Content Management Systems range from very basic databases, to sophisticated tailor-made applications. They facilitate easier tracking of different parts of a Web site, enabling, for example, staff to easily see where changes have been made recently and - perhaps - where they might need to make changes (a 'News' page that hasn't been edited for 6 months?). They also ease the handling of routine updating/modifying of pages, where you want to change a logo or text on every page, for example.
A CMS can also simplify internal workflow processes and can ensure that you are working with a single master copy of each digital asset.
However there are other approaches which may be useable, such as making use of server-side scripting to manage resources.
Solutions may include:
Use of a dedicated CMS system. Note this may be expensive, and there may be costs in learning the system, using it, etc. In addition you should ensure that an 'off-the-shelf' CMS product supports the metadata standards one might expect to use.
Use of a an open source CMS system. This avoids licence costs, but there are still resource issues.
Use of a database. May manage the resources but will it address issues such as workflow?
Use of server-side scripting approaches, such as PHP (Unix) and ASP (NT). These may allow bespoke applications to be developed, and may sit on top of databases.
To summarise then, the issue to be aware of is the difficulties in maintaining resources in formats such as HTML. Using flat files and a CMS and/or databse is a way of addressing this management issue. Whilst it is not an explicit requirement that projects manage their resources with a CMS and/or a database, if such tools are not used, the project must show how it intends to faciltate good management of its digital assets.
Advice on selecting scanning equipment can be found in the
Digitistation Process information paper available at:
Suitable resolutions for digital master files for various media types are discussed in the HEDS Matrix , and the JIDI Feasibility Study  contains a useful table of baseline standards of minimum values of resolutions according to original material type.
A detailed discussion of resolution, binary and bit depth can be found on TASI's Web pages  and a good basic guide to colour capture can also be found on the EPIcentre Web pages .
References refer to :
Also both the HEDS and TASI sites, particularly at:
5. Which is better SQL Server or an Access Database?
MS Access was designed as a database system for small scale office use. It was not designed for use as a database server, although it can be used in this mode for simple use.
For further information we suggest you look at the Microsoft Web site.

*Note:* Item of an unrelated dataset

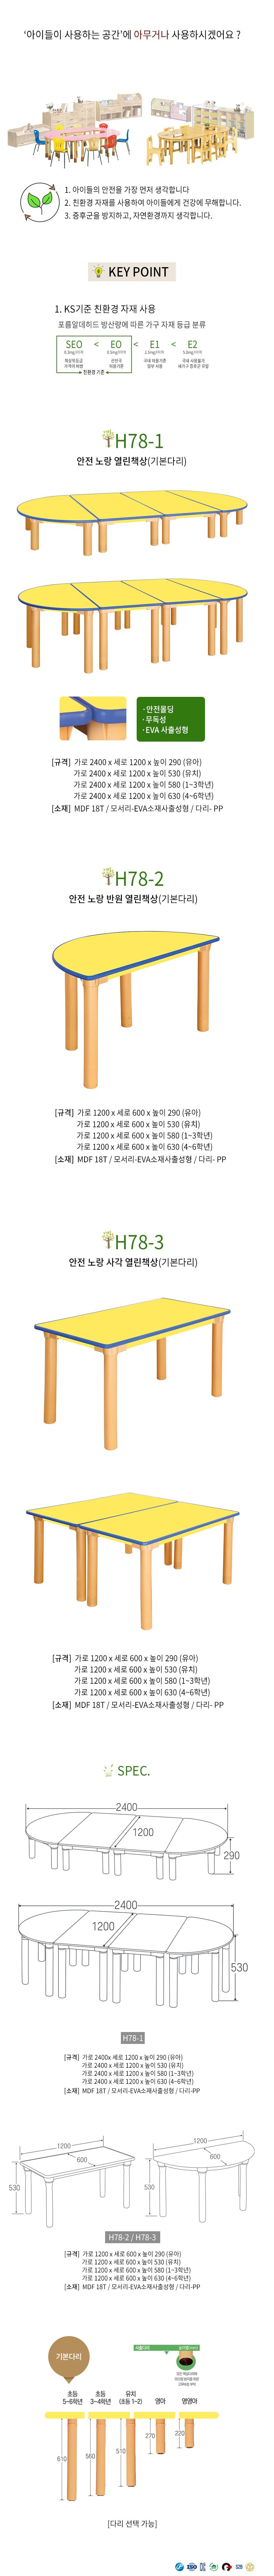 어린이 안전 노랑반원 열린 책상 H530 H78-2

Some comments on Access vs SQLServer are available at:
You may also wish to look at:
Although Access may be capable of handling the sorts of query volume you suggest, at least in the short term, you do need to consider scalability (SQLServer scales better), Web site integration (SQLServer *probably* integrates better), enterprise access to the data (SQLServer will better enable intranet access to the data, etc).
Data structures are unlikely to be affected by a move to SQLServer.
6. Would NOF recommend the web site to be hosted on its own dedicated server or on a shared server? What are the things I should bear in mind to take such a decision?
The issues to be considered in making this decision relate to performance, security and potential conflicts between software applications:
Performance - with a shared server, projects will need to ensure that the performance of their service is not impacted by the other things the server is doing. Peak access times (of both the project's service and the other services on the shared machine) need to be considered. Projects need to think about the performance of the server itself, as well as available network bandwidth to the machine.
Security - as a general rule, the more services offered by a machine, the harder it is to make that machine secure. Projects should ensure that any machine they use is operated in a secure manner.
Conflicts - on a shared server there are more likely to be software conflicts, e.g. to run package X, package Y needs to be installed, but this conflicts with package Z that is already installed for some other service. There are also issues associated with hosting more than one Web server on a single machine. Typically these are resolved by hosting multiple 'named virtual hosts' (though under some operating systems it is also possible to assign multiple 'virtual' IP addresses to a single network interface, or to install multiple network interfaces). Where 'named virtual hosts' are used it should be noted that the browser must support HTTP 1.1. However, this is not a significant problem. The Apache manual says:
"The main disadvantage [of name-based virtual hosts] is that the client must support this part of the protocol. Almost all browsers do, but there are still tiny numbers of very old browsers in use which do not."
7. Should the web server be protected by a firewall? (Or is it enough to have a firewall installed on our office network server where we will store all our digital mastercopies?)
As the technical standards state (section 3.1.4):
"Machines should be placed behind a firewall if possible, with access to the Internet only on those ports that are required for the project being delivered."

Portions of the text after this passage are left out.